Tuesday, April 26, 2011

The More Things Change...

Jeff Atwood's latest post reminding folks of the obvious lessons of the recent minor EC2 outage at Amazon reminded me again about how everything moves in painful cycles of forgetting and reinvention in the computer industry. In this case the specific technique he refers to Netflix using, their "Chaos Monkey", is basically the exact same thing that Tandem Computers used to regularly use in their Guardian OS 30 or so years before Netflix.

It's hard to overstate just how many great innovations in computing were pioneered by Tandem; their main problem commercially was really being so far ahead of their time in so many ways. Many of the architectural innovations they didn't just invent but turn into commercial success are being directly copied in the modern web era; building distributed web systems with EC2 virtual machines and message queuing systems (or their equivalents in the Google or Azure ecosystems) are just scaled-out versions of what happened inside a Tandem mainframe's chassis.

In the case of the Chaos Monkey, it's important to understand that Tandem's fault-tolerant machines weren't built with triple-modular redundancy, as a lot of people always seemed to assume. Rather, the fault-tolerance of the system was due to comprehensive hardware error detection (obviously you have to detect faults to recover from them) combined with having no single point of failure. This did mean that there were duplicates of things inside the chassis: the disks, for instance, had two independent paths to them from different CPU nodes, the CPU nodes didn't share memory but rather had two separate internal interconnects (in essence, two mini-LANs) connecting them but all of this actually got used, it wasn't there "just in case".

The brilliance of the Guardian OS architecture (and remember, this was set up in the 1970's) was that it was a microkernel-based distributed system, composed out of small servers (small by necessity, as the architecture was essentially 16-bit, so a service process had 64k 16-bit words of data storage) which communicated by fault-tolerant explicit message queues. Each service process, as it worked on messages in its queue, would checkpoint its memory to a separate warm standby copy of itself, which the executive would always ensure ran on a separate CPU node inside the chassis - collectively, the nodes formed a single effective computer in what we now would call clustering.

If anything untoward happened to a node, be it a CPU fault, an ECC memory failure, or just about anything, rather than trying to work out exactly what the consequences of the failure were and stitching up an ad-hoc response to try and keep running - essentially, the kind of hopeless approach encouraged, to no good end, by exception handling in programming languages like Java and C++. Rather, the node was simply shut down and the in-process work abandoned, and the other nodes began a clever recovery process.

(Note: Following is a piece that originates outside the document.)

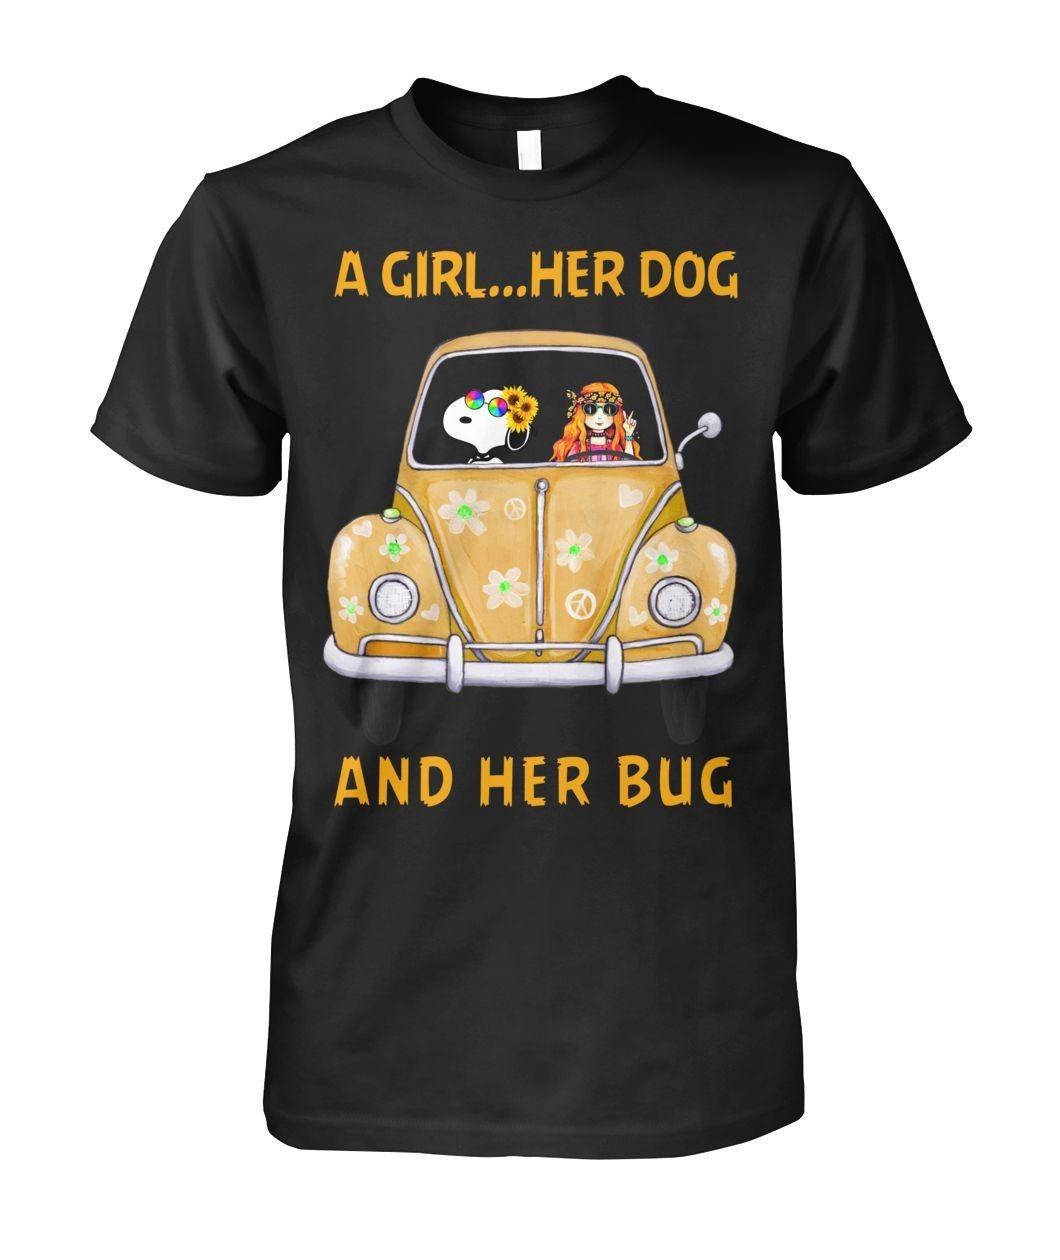 A girl her dog and her bug shirt

In this recovery, the warm standby copies of each service process (including its message queue) were found, and new standby copies were made to freshly selected nodes, and then the standby copies were started to pick up at the last saved checkpoint, resuming operation relatively seamlessly and without the need for the clients to do much.

This combined with transactional management of writes to disk - as these systems were built to do online transaction processing, so their main workload was database management - meant that the microkernel provided software fault tolerance to the system as a whole.

The relevance to the Chaos Monkey is how Tandem used to continually test their recovery system; one of the standard services that could be run was a process which did nothing but wait some amount of time, and then issue a command to reset the node it was currently running on, forcing the recovery of that node. Since all faults lead to node shutdown, this was an effective simulation technique.

And amusingly, with the suicidal shutdown service being one of these recoverable services, the recovery process would instantiate a new warm standby on another node, so that it too would in turn be reset. Essentially, then, once this service was started you'd see random nodes inside the chassis be reset and recover continually, during which time you could run a normal test workload and observe that it continued with temporary degraded performance but with no other ill effects (or if there was, that typically meant a bug in one of the services which meant it wasn't cooperating correctly with the checkpoint system).

It's also worth noting that the SQL running on the Tandem systems I used - CLX/R's during a time I spent at Tandem learning immensely about Tandem's architecture, and making this classic tome one of my all-time desert island books right alongside The Structure And Interpretation of Computer Programs.

Almost everything about making high-availability scalable web services that is being painfully relearned now can be understood by just making a good study of those Tandem systems; for instance, their database system used key-range partitioning to distribute queries in parallel across the cluster (and could do so quite transparently), much as sharding is used today.

Of course, this is how it ever was; lessons learned in mainframes being forgotten and re-learned by the upstart minicomputer folks, and then in turn forgotten and re-learned in the age of the microprocessor, and now once again in the age of web development. But it's remarkable to think that Tandem were basically the only firm pursuing this particular line, and they did it better than most people do now, only starting some 35 years ago before Ethernet, before SCSI, before UNIX.